In [1]:
# Load and activate the SQL extension to allow us to execute SQL in a Jupyter notebook. 
# If you get an error here, make sure that mysql and pymysql are installed correctly. 

%load_ext sql

In [2]:
# Establish a connection to the local database using the '%sql' magic command.
# Replace 'password' with our connection password and `db_name` with our database name. 
# If you get an error here, please make sure the database name or password is correct.
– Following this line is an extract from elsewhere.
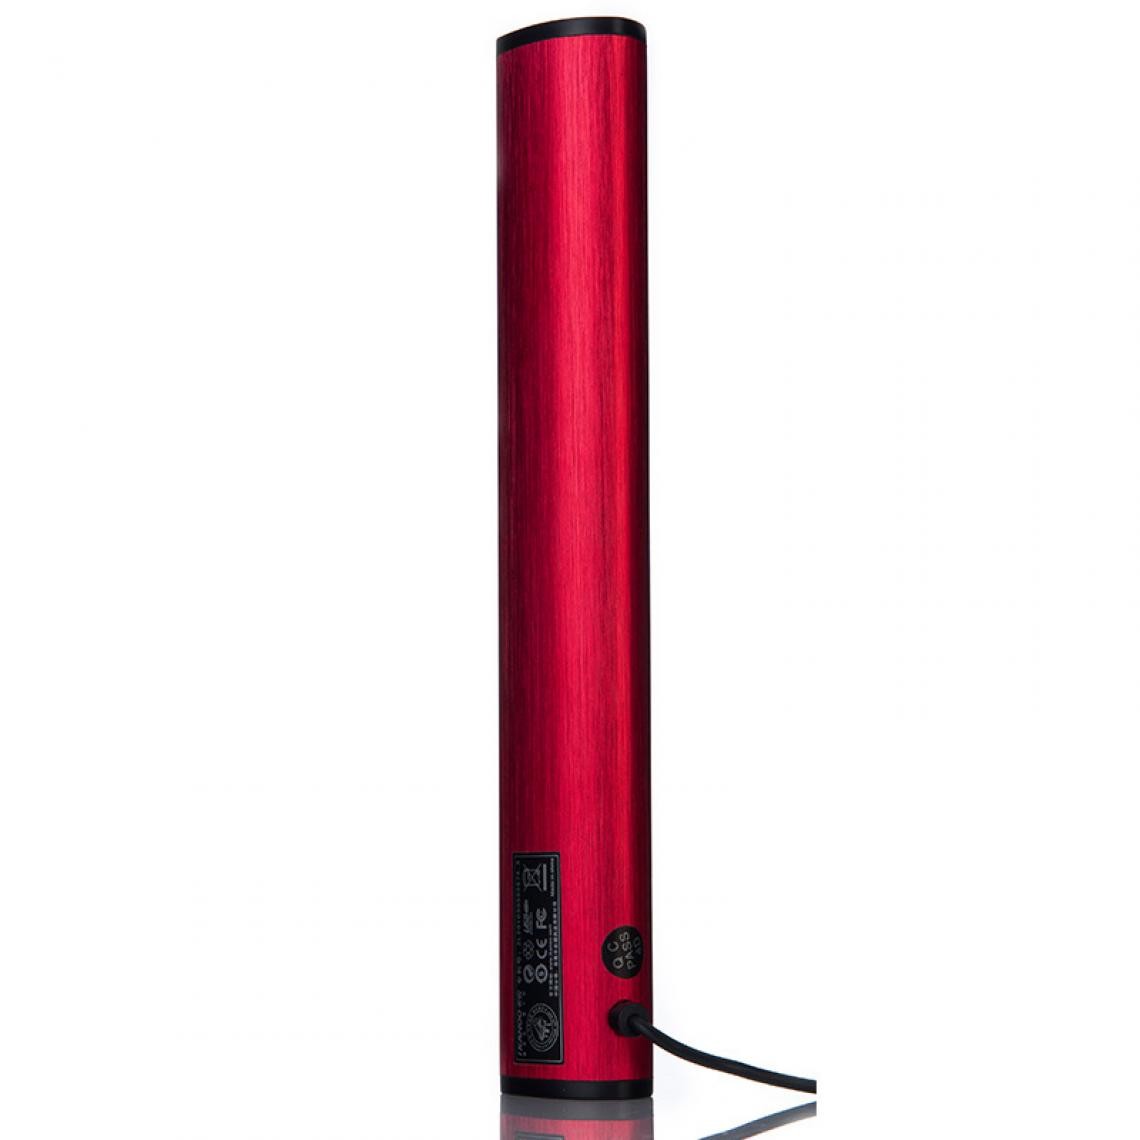 Universal - Haut-parleurs pour ordinateurs portables USB portable Ordinateur audio Mini haut-parleurs Subwoofer Bar Bang(Rouge) - Enceinte PC

%sql mysql+pymysql://root:ofge@localhost:3306/united_nations

## Exercise
We can use the following command to check the data types of all the columns in our table.

In [6]:
%%sql

SHOW
    COLUMNS
FROM
    united_nations.Access_to_Basic_Services

 * mysql+pymysql://root:***@localhost:3306/united_nations
10 rows affected.


Field,Type,Null,Key,Default,Extra
Region,varchar(32),YES,,,
Sub_region,varchar(25),YES,,,
Country_name,varchar(37),NO,,,
Time_period,int,NO,,,
Pct_managed_drinking_water_services,"decimal(5,2)",YES,,,
Pct_managed_sanitation_services,"decimal(5,2)",YES,,,
Est_population_in_millions,"decimal(11,6)",YES,,,
Est_gdp_in_billions,"decimal(8,2)",YES,,,
Land_area,"decimal(10,2)",YES,,,
Pct_unemployment,"decimal(5,2)",YES,,,


We can see that the column values are in their respective data types, that is, VARCHAR for Country_name, INT for Time_period, and DECIMAL for the estimated population.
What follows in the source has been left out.